Prof. Dr. Muammer Karayavaz maske takmak konusunda ise; "En kötü maskenin bile bir koruyuculuk etkisi var. Maske kendi içinde kalitelere ayrılıyor, koruyuculuğu daha yüksek olan maskeler var. Bu virüsün en temel özelliği damlacık enfeksiyonuyla, kitle sayısıyla orantılı olarak değişiyor yani. Şimdi pozitif bir vakayla konuşurken siz maskeyi taktığınızda eğer karşı taraf konuşursa ve tükürük fışkırırsa yüzünüzde maske varsa en kötü maskenin bile yüzde 66 koruyucu özelliği var.
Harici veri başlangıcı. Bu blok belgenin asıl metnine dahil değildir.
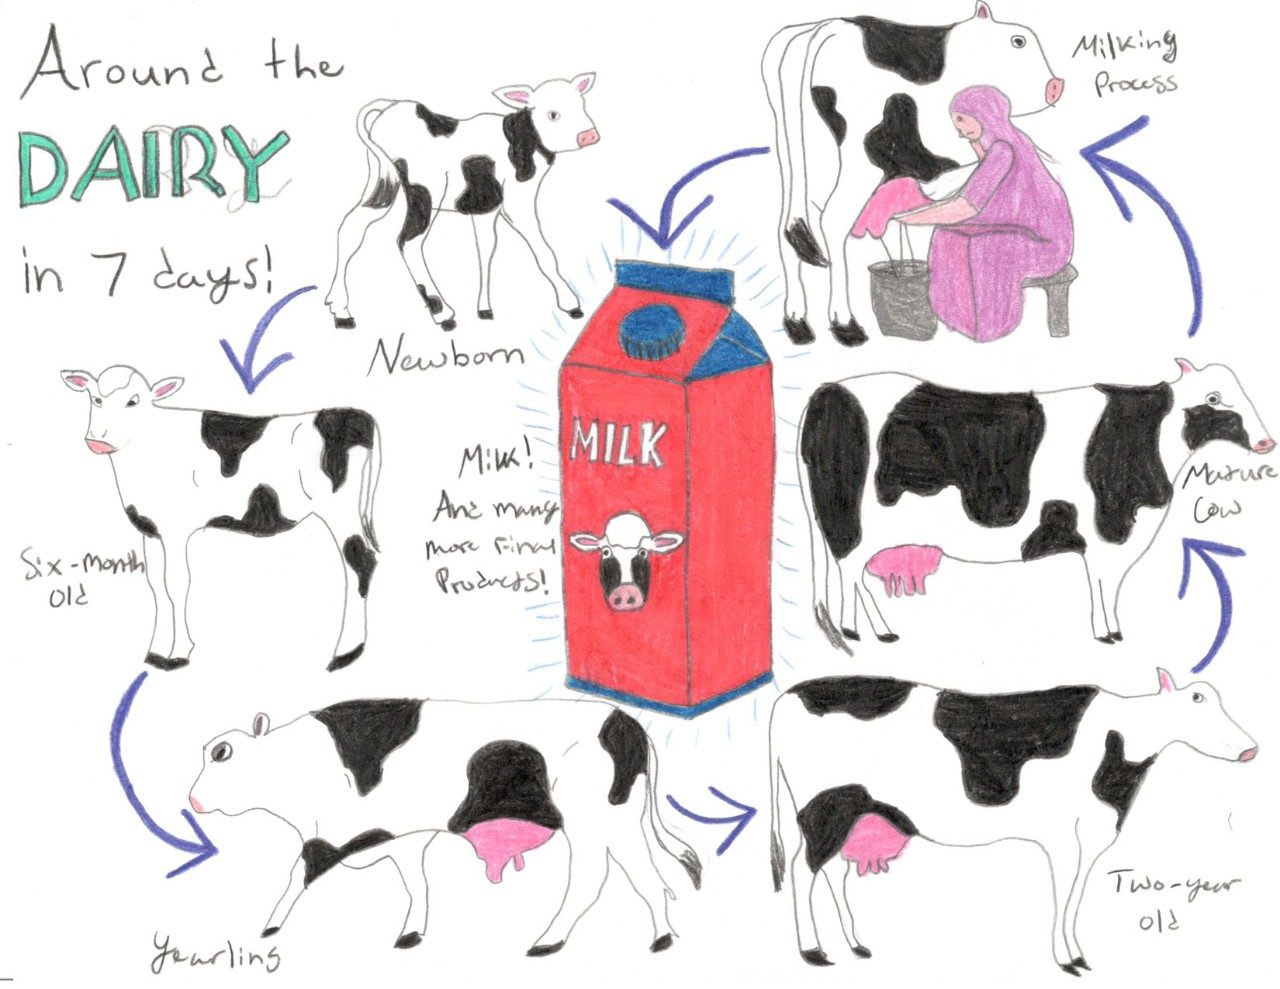 2023 June Dairy Month Poster Contest. Around the Dairy in 7 Days. Ariel Matthews, Shenandoah County, Senior Division. First Place.

Maskenin kalitesi arttıkça koruyuculuk oranı da yüzde 98`e kadar çıkıyor. Maske, virüs kitlesini azaltıyor. Bütün profesörlerin bu konuda söylediği, 100 tane virüs alırsanız 100 virüsü insan vücudu bir şekilde halledebiliyor. Ama 100 ile 1000 arasında kitlesel olarak virüs alınırsa vücudun savunma sistemiyle alakalı yine halledilebiliyor. Fakat virüs sayısı 1000`i geçtiği zaman herkes hastalanıyor. Yani hastalıkta sayısal olarak aldığınız virüsün sayısı da önemli. O nedenle maske bizi korumaz diye düşünmeyin, maske koruyucudur" sözlerini aktardı.
"Koronavirüsün ben 2022`nin Mayıs-Haziran ayına kadar süreceğini düşünüyorum"
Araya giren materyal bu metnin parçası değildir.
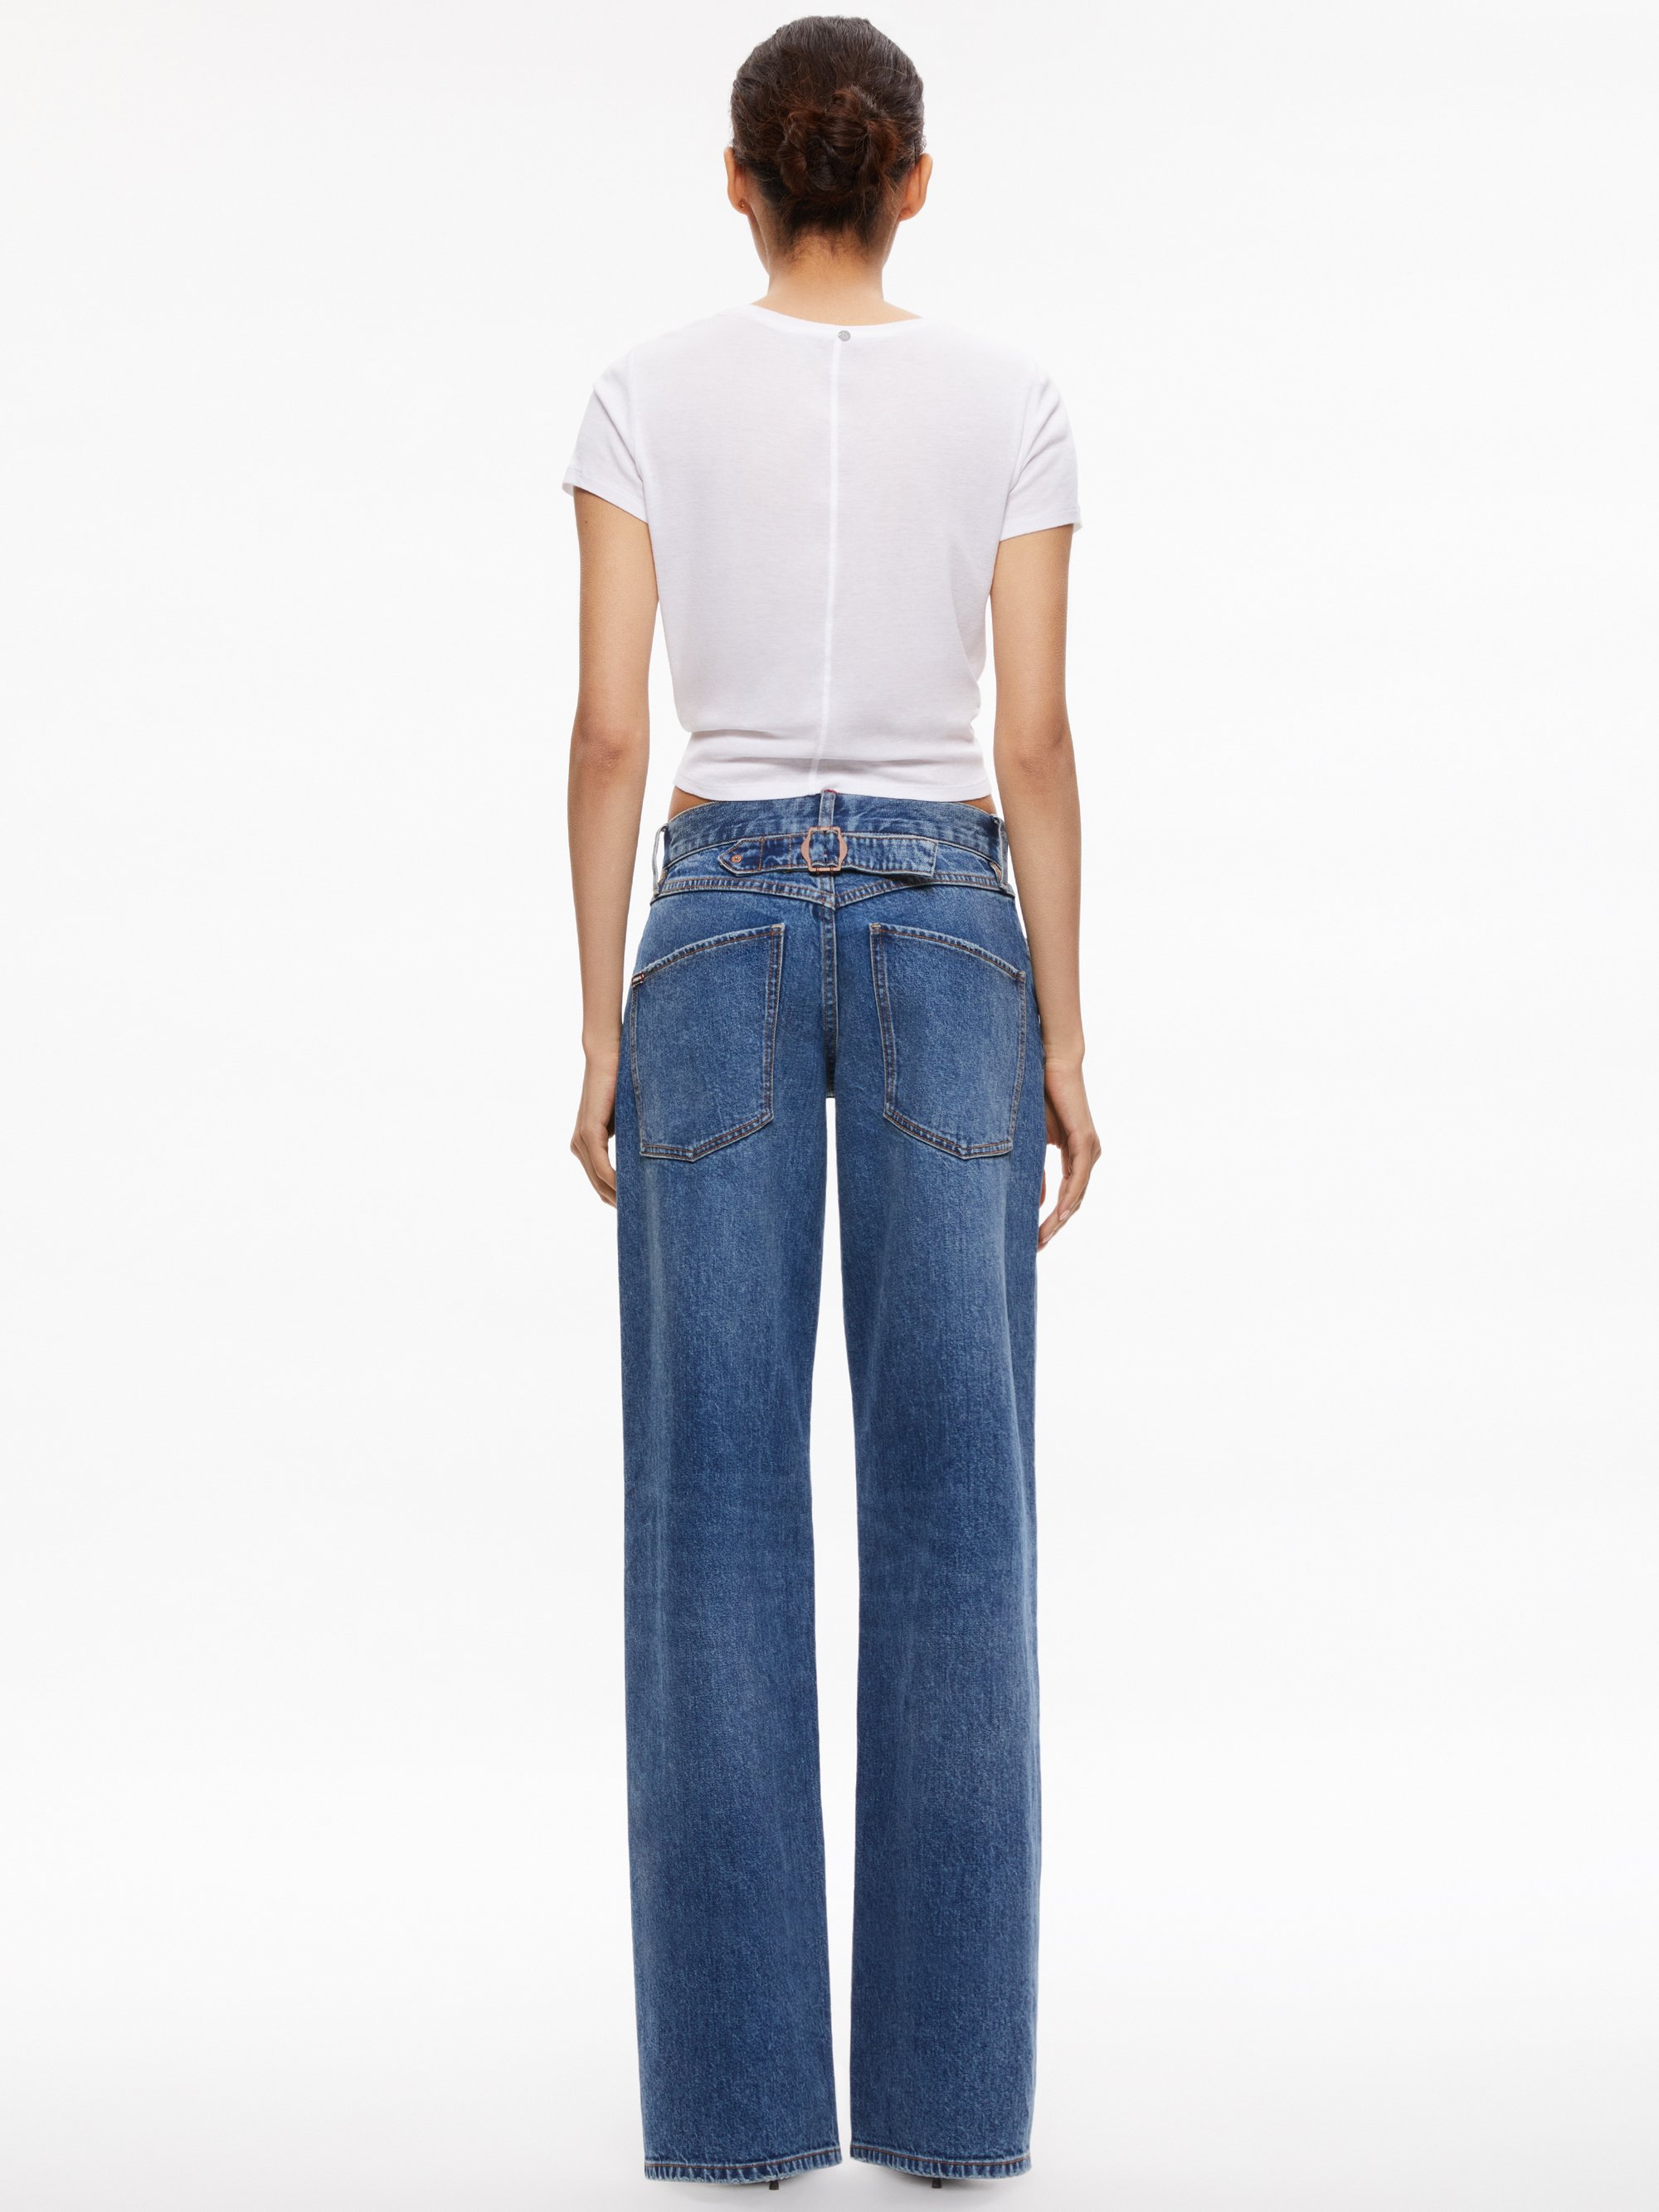 Ernie Low Rise Buckle Back Jean In Avery Blue | Alice And Olivia

Karaayvaz; "Bu virüsle tıp dünyası ilk defa karşılaşıyor. Tabi biz bir şeyle ilgili bilgi verebilmek için geçmişteki örneklerimize kıyaslayarak bilgi verebiliyoruz. Bu virüsü kıyaslayabileceğimiz bir şey yok. Ama benim kendi kişisel görüşüme göre bu virüsün Türkiye`de daha 1 buçuk senesi var. Çünkü belli bir pikten sonra azalacak belki ama yerel, lokal patlamalarla devam edecek bir virüs. Ben 2022`nin Mayıs-Haziran ayına kadar süreceğini düşünüyorum bu işin yani. Çünkü geçmişteki İspanyol gribine bakıyorsunuz, ciddi pandemi süreçlerine bakıyorsunuz 1-2 yıldan önce biten bir virüs yok. O yüzden ben önümüzde daha 1 buçuk sene var diye düşünüyorum" dedi.
"Virüs bize alışacak biz virüse alışacağız"
ÇOMÜ Tıp Fakültesi Hastanesi Başhekimi Muammer Karaayvaz, "Koronavirüsü de SARS dediğimiz domuz gribi ya da kuş gribi grubunun içinden bir tanesi. Ama bu virüsün farklı bir şeyi var mutasyona uğrayabiliyor. Mutasyona uğramasının ötesinde çabuk yayılabilen bir virüs. Bu da bize şunu gösteriyor, sanki bir laboratuvar elinden çıkmış bir virüs gibi. Virüs aslında insana girdiğinde öldürme gayesiyle de girmiyor birlikte yaşayabilir miyiz diye giriyor. Koronavirüsü ile de birbirimize alışacağız sanırım zamanla, o da mutasyona uğrayarak diğer gripler gibi olacak. Tamamen kökten hayatımızdan çıkmayacak virüs bize alışacak biz virüse alışacağız" diyerek sözlerini noktaladı.